Question

A child with mass $m$ is standing at the edge of a disc with moment of inertia $I$, radius $R$, and initial angular velocity $\omega $. See the figure given below. The child jumps off the edge of the disc with tangential velocity $v$ with respect to the ground. The new angular velocity of the disc is:

(A) $\sqrt {\dfrac{{I{\omega ^2} - m{v^2}}}{I}} $
(B) $\sqrt {\dfrac{{\left( {I + m{R^2}} \right){\omega ^2} - m{v^2}}}{I}} $
(C) $\dfrac{{I\omega - mvR}}{I}$
(D) $\dfrac{{\left( {I + m{R^2}} \right)\omega - mvR}}{I}$

Answer 1

Hint: The new angular velocity can be determined by using the initial angular momentum equation and the final angular momentum equation. By equating the two angular momentum equations, the new angular velocity can be determined.

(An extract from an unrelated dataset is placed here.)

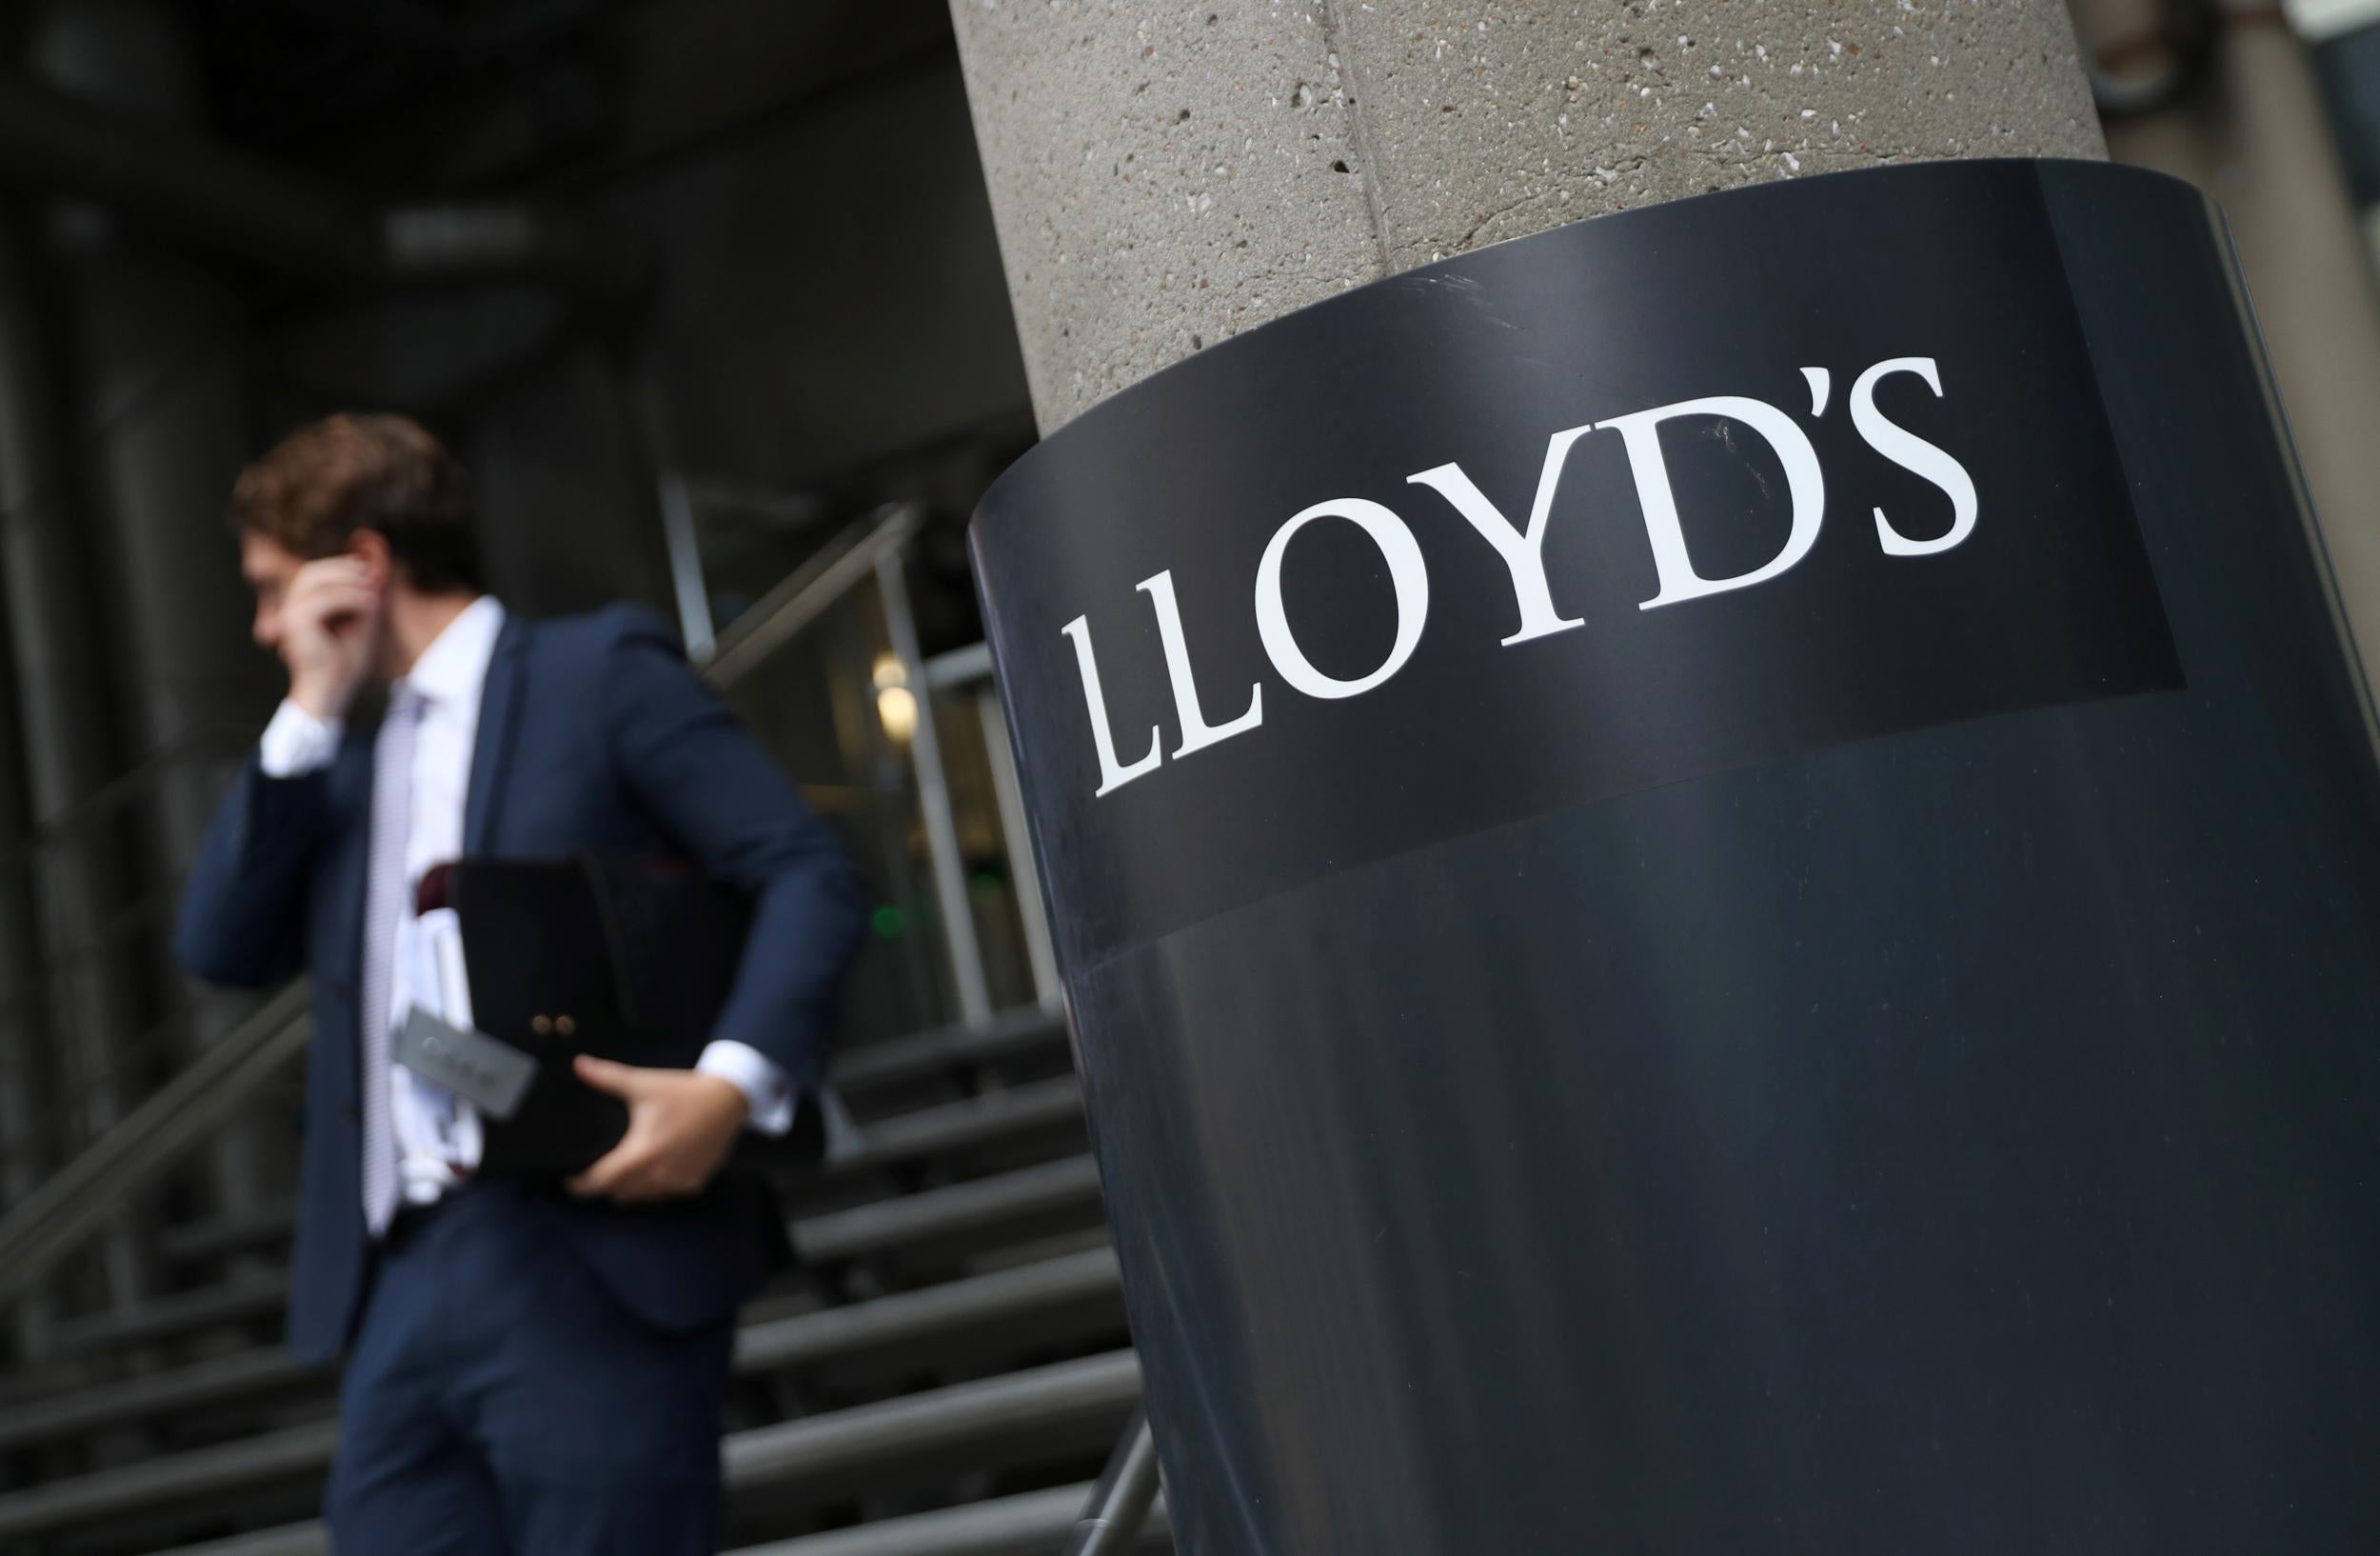 Lloyd’s of London: The famous insurance market has announced a big loss in the wake of a sexism scandal
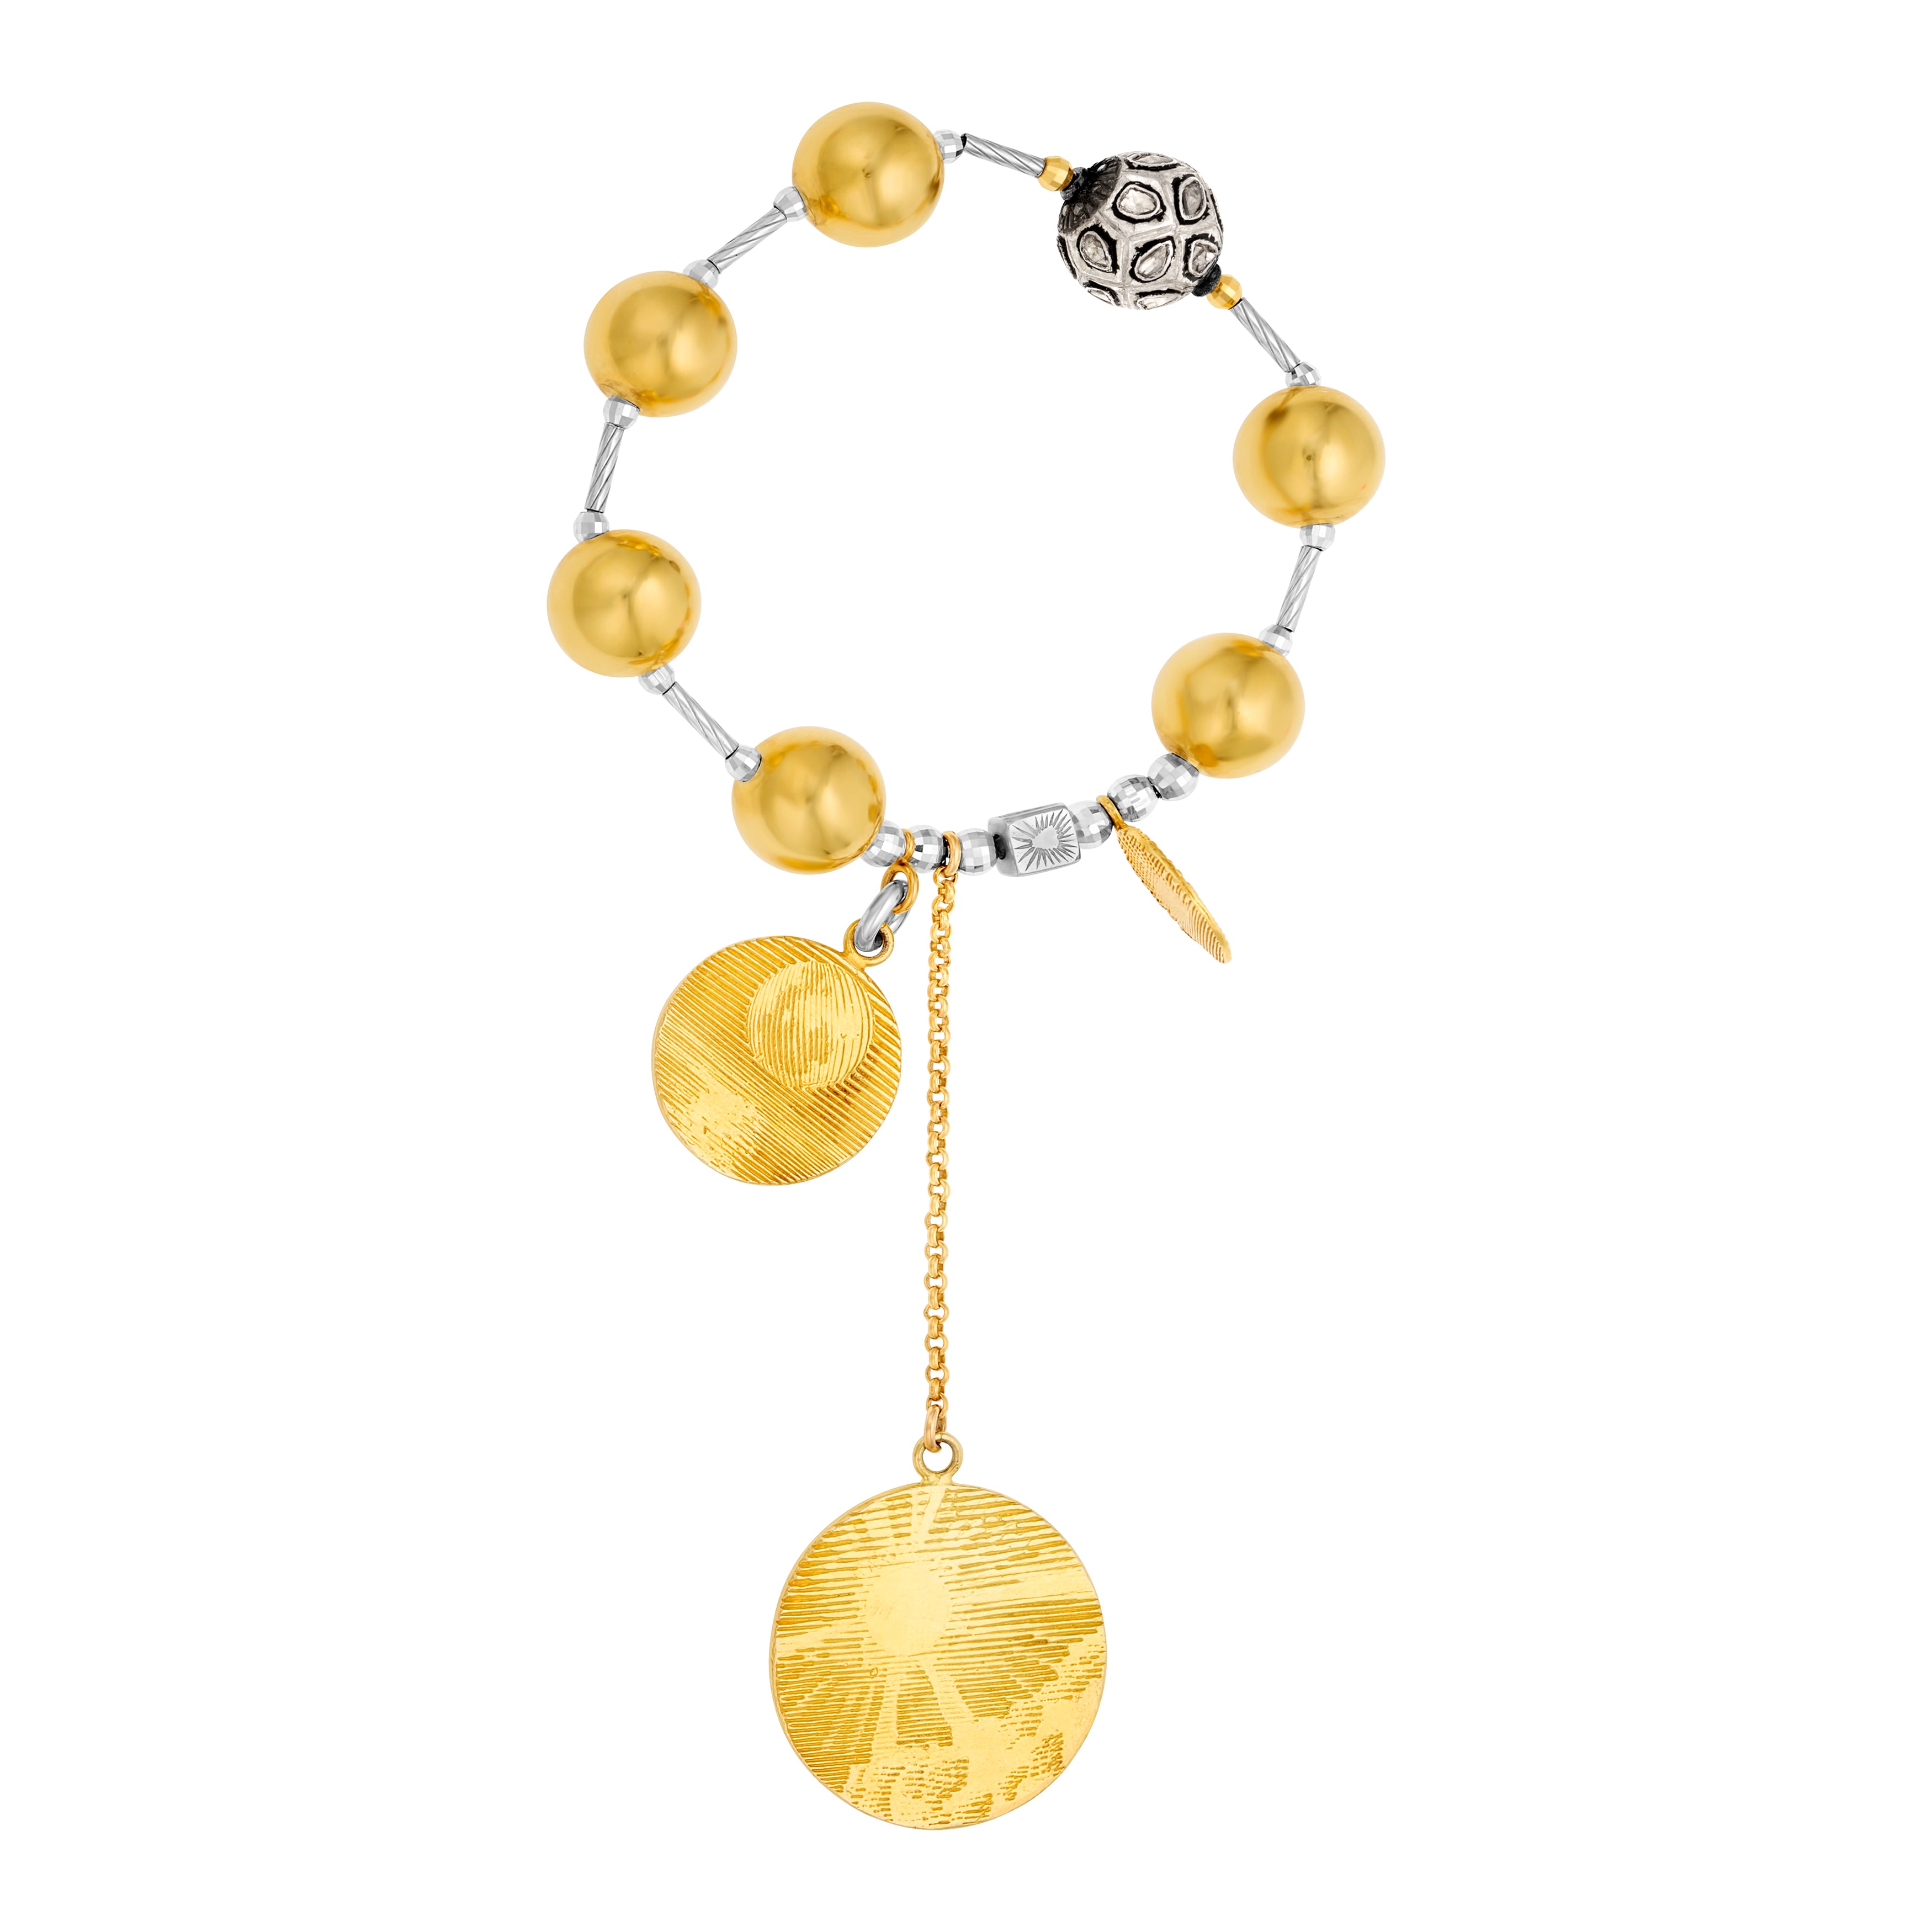 Movado | Sphere Lock Collection 14K yellow gold vermeil chain bracelet with  a twisting lock

Complete step by step answer:
Given that,
The mass of the child is given by, $m$,
The moment of inertia of the disc is, $I$,
The radius of the disc is given by, $R$,
The initial angular velocity of the disc is, $\omega $,
The tangential velocity of the disc is, $v$,
Assume the final angular velocity of the disc is, ${\omega'}$.
The angular momentum is equal to the product of the moment of inertia and angular velocity. Here angular momentum is the sum of the angular momentum of the disc and the angular momentum of the child, then
The initial angular momentum is given by, ${L_i} = I\omega + m{R^2}\omega \,................\left( 1 \right)$
Where, ${L_i}$ is the initial angular momentum, $I$ is the moment of inertia, $\omega $ is the angular velocity, $m$ is the mass of the child and $R$ is the radius of the disc.
The final angular momentum is given by, ${L_f} = I{\omega'} + mvR\,................\left( 2 \right)$
Where, ${L_i}$ is the initial angular momentum, $I$ is the moment of inertia, $\omega $ is the angular velocity, $m$ is the mass of the child, $R$ is the radius of the disc and $v$ is the tangential velocity.
By equating the equation (1) and equation (2), then
$I\omega + m{R^2}\omega = I{\omega'} + mvR$
By taking the common terms in the above equation, then
$\left( {I + m{R^2}} \right)\omega = I{\omega'} + mvR$
By rearranging the terms from the above equation, then
$\left( {I + m{R^2}} \right)\omega - mvR = I{\omega'}$
By rearranging the terms from the above equation, then
${\omega'} = \dfrac{{\left( {I + m{R^2}} \right)\omega - mvR}}{I}$
Thus, the above equation shows the new angular velocity of the disc.
Hence, the option (D) is the correct answer.

Note:In the initial angular momentum, it is the sum of the angular momentum of the sum of the disc and the angular momentum of the child. In the final angular momentum, it is the sum of the angular momentum of the disc and the angular momentum when the child jumps with tangential velocity.